BEGIN
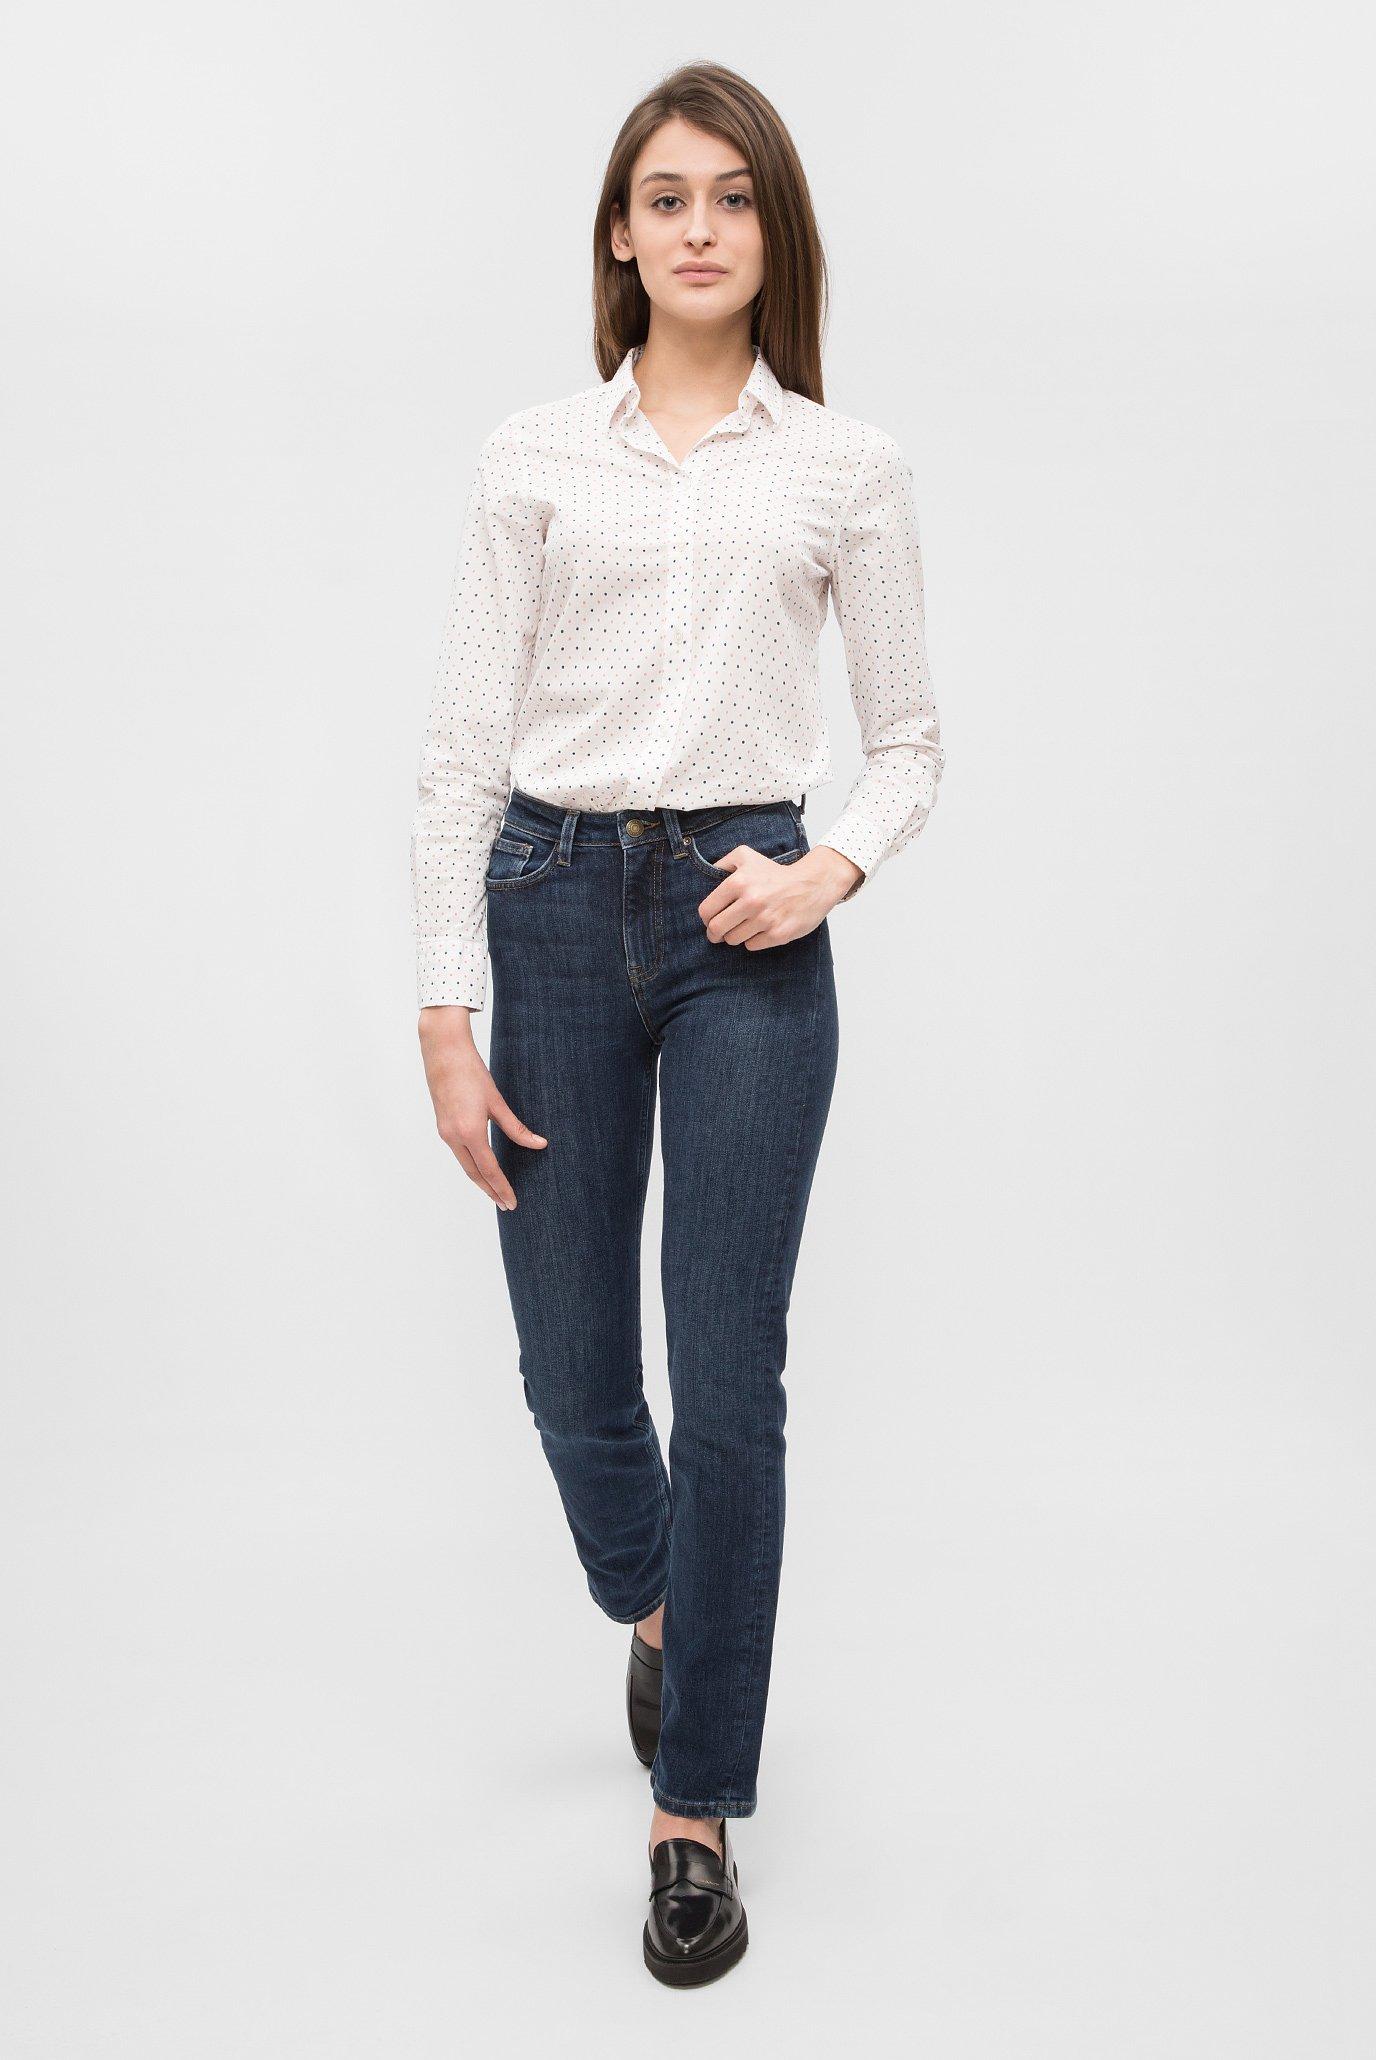 Купить Женская белая рубашка Gant Gant 4320029 – Киев, Украина. Цены в интернет магазине MD Fashion
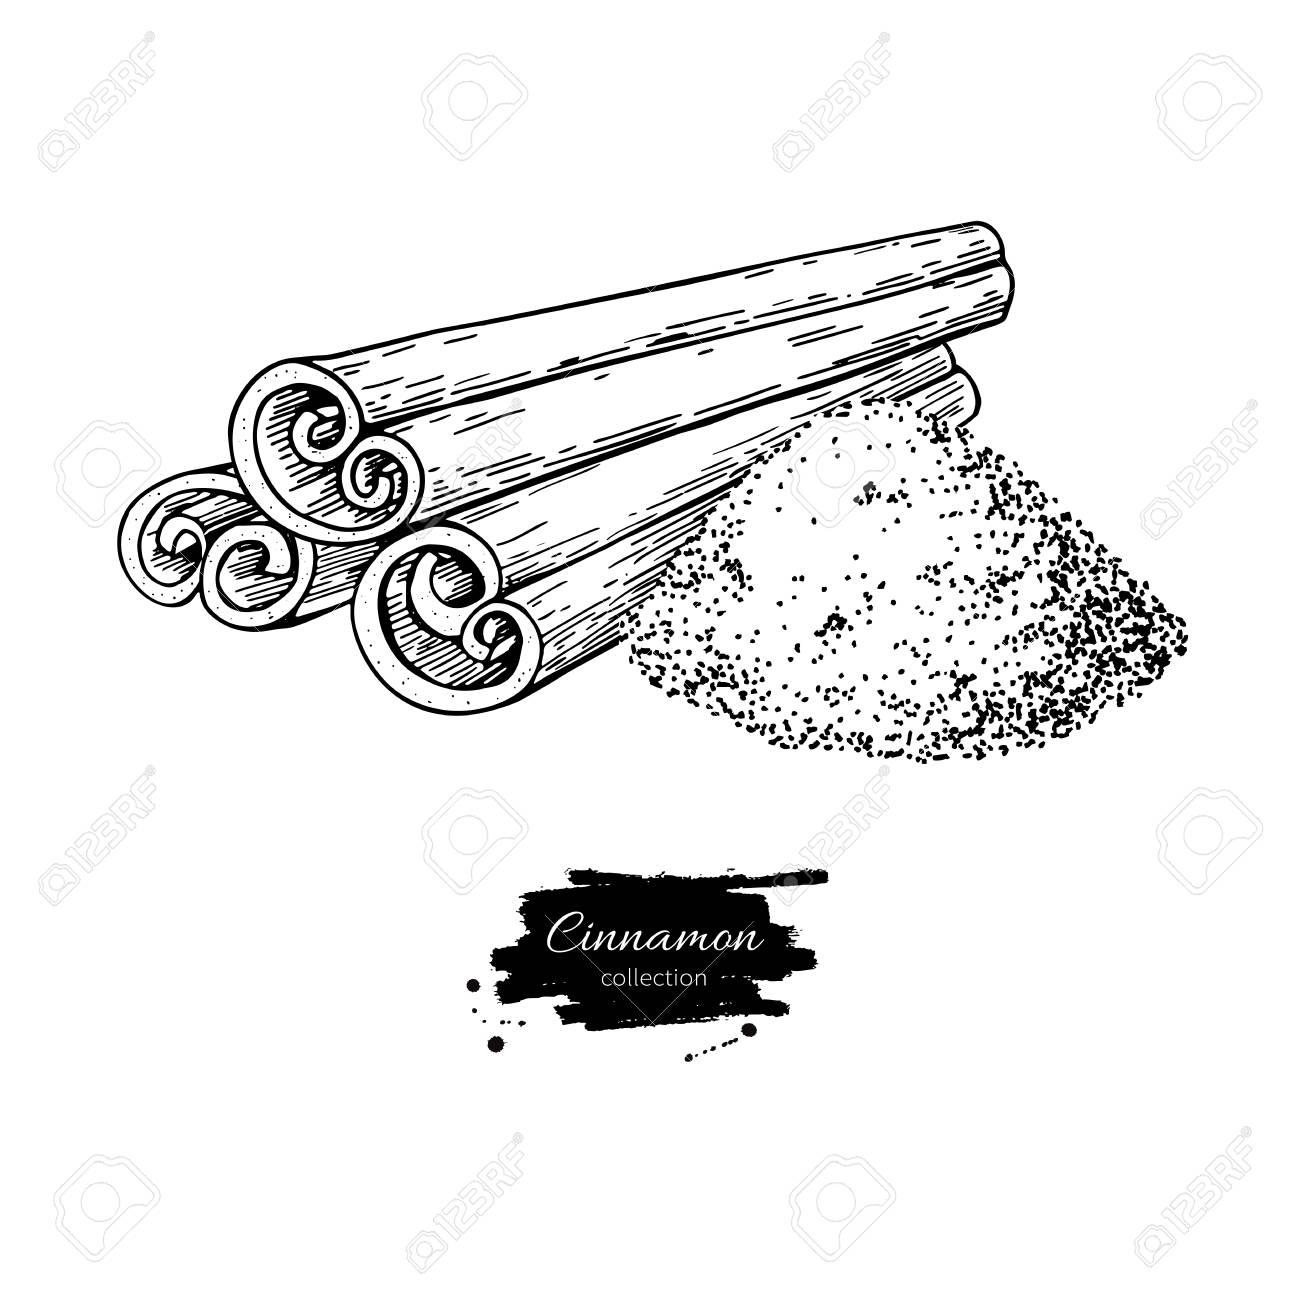 Bâton De Cannelle Et Dessin Vectoriel De Poudre Croquis Dessiné Main Nourriture Saisonnière
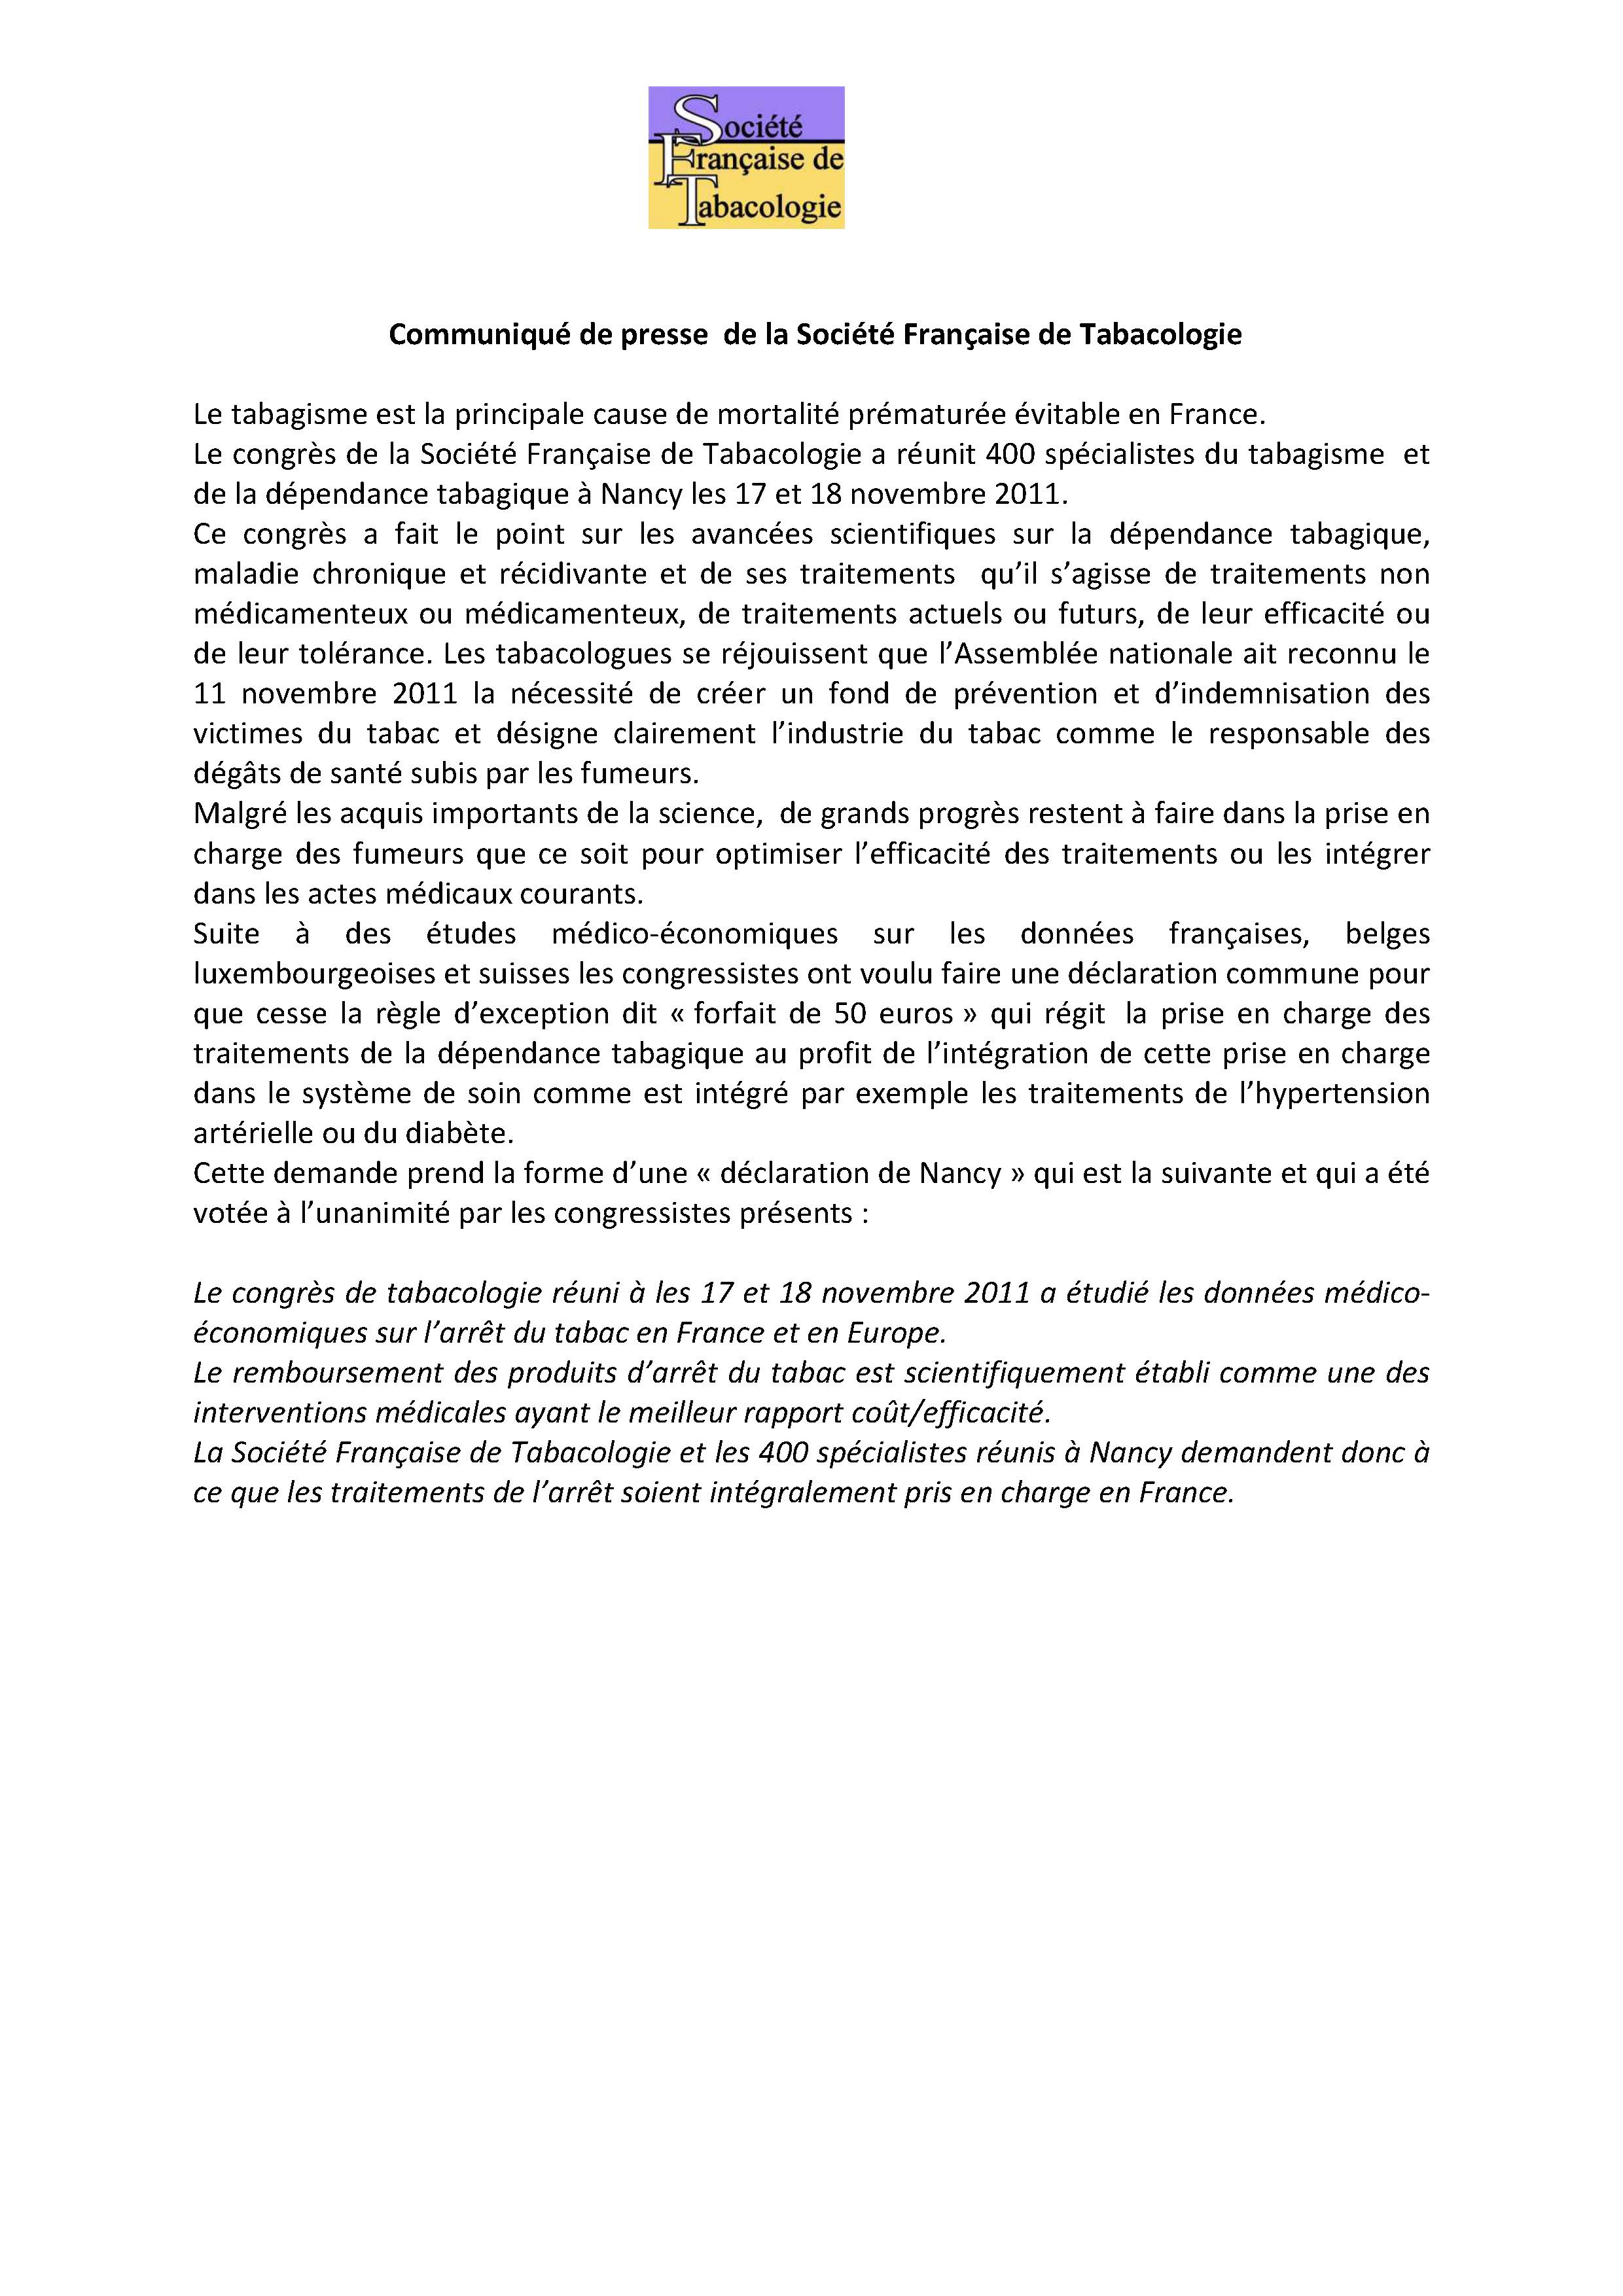 SFT-CP_congres-de-la-societe-francaise-de-tabacologie-23nov2011.jpg
END
### YOUR INSTRUCTIONS:
Everything in the material above should be reproduced exactly, except the pictures.

### WRITTEN ANSWER:
 Купить Женская белая рубашка Gant Gant 4320029 – Киев, Украина. Цены в интернет магазине MD Fashion
 Bâton De Cannelle Et Dessin Vectoriel De Poudre Croquis Dessiné Main Nourriture Saisonnière
 SFT-CP_congres-de-la-societe-francaise-de-tabacologie-23nov2011.jpg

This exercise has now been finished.